On February 7 at 1:00pm EST, we will host a webinar to review the key findings from the latest study. During the webinar, the lead researcher will also highlight the features of the interactive dashboard, a tool with which NCPERS members can filter the survey data by type of employee/beneficiary, total participants, and more to better compare their funds' investment performance and business practices to peers. The webinar will be recorded and available on demand, so I encourage you to register here for easy access.
Nearly 200 state and local government pension funds responded to the survey, which was conducted between September and December 2022. These funds represent more than 19.6 million active and retired members, with assets exceeding $3 trillion. Responding funds typically used their most recent Annual Comprehensive Financial Report to complete the survey.
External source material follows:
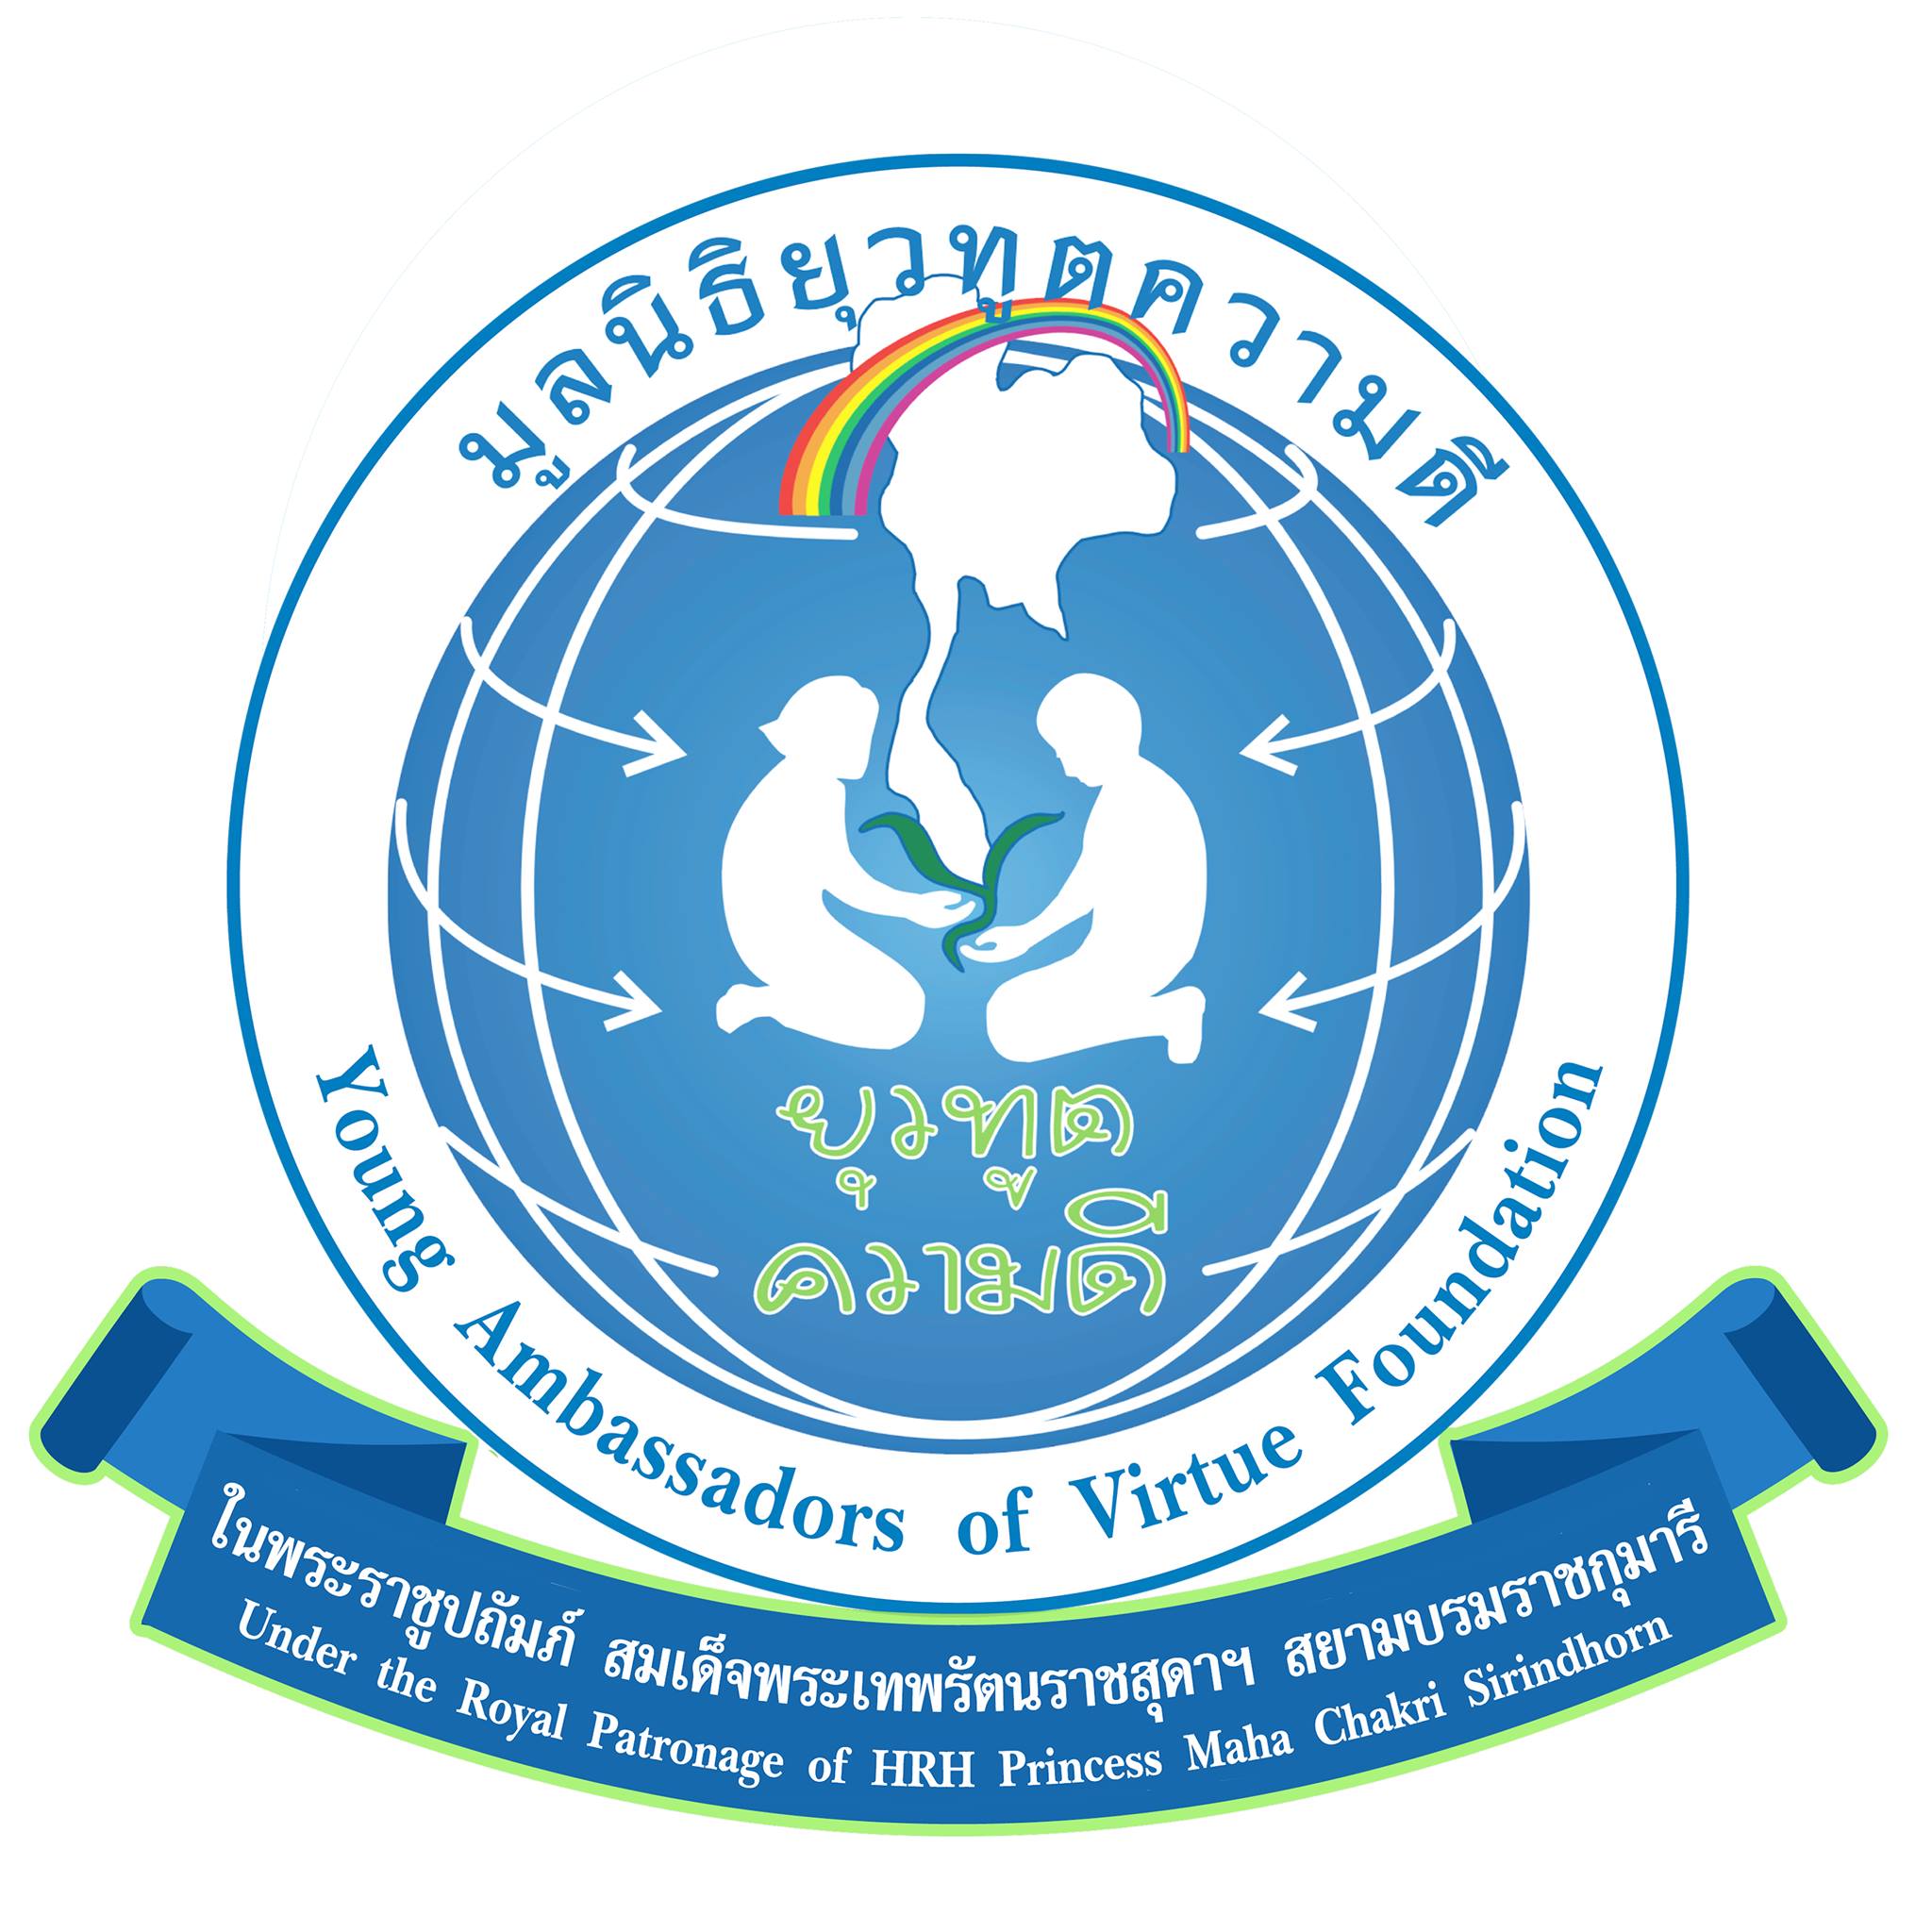 The Young Ambassadors of Virtue Foundation Logo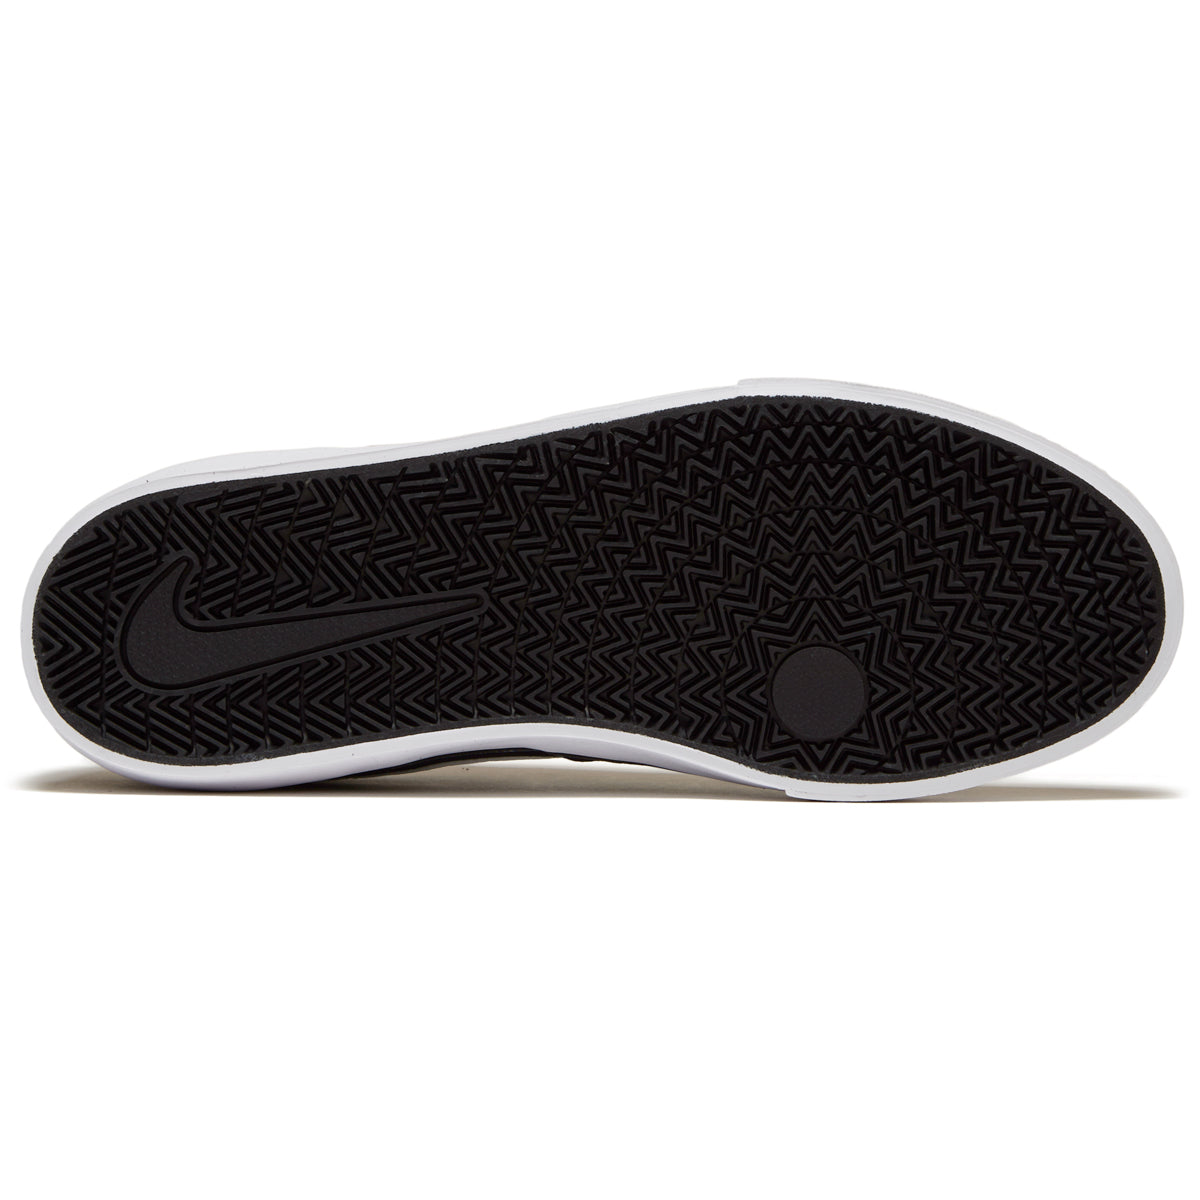 Nike SB Chron 2 Shoes - Black/White/Black image 4

The study shows that public pension funds saw, on average, one-year returns of around 11.4 percent, down from 14 percent the year prior. Looking at asset allocations, real estate and private equity saw the largest average returns, at 19.2 and 33.7 percent respectively. There was not a significant shift in asset allocations year over year.
For the first time, we asked funds about the role of environmental, social, and governance (ESG) factors in their investment decisions. Approximately 54 percent of respondents said these factors are somewhat or very important in their decision-making process.
Public pensions' average funded level rose to 77.8 percent from 74.7 percent the year before. Investment returns continue to be the most significant source of revenue at 68 percent, followed by employer contributions (24 percent) and member contributions (nine percent).
Despite the many unprecedented challenges that public pensions have faced in recent years, fund confidence remains high. Funds were asked, “How satisfied are you with your readiness to address retirement trends and issues over the next two years?” The average confidence rating was 7.8 on a 10-point scale, down slightly from the year before.
NCPERS 2023 Public Retirement Study: Trends in Fiscal, Operational, and Business Practices highlights public pensions' resiliency in the face of volatile markets, rising interest rates, and disruption in the workforce during the COVID-19 pandemic. Public pensions remain dedicated to maximizing returns while managing risks in order to efficiently deliver retirement benefits to public servants all over the country.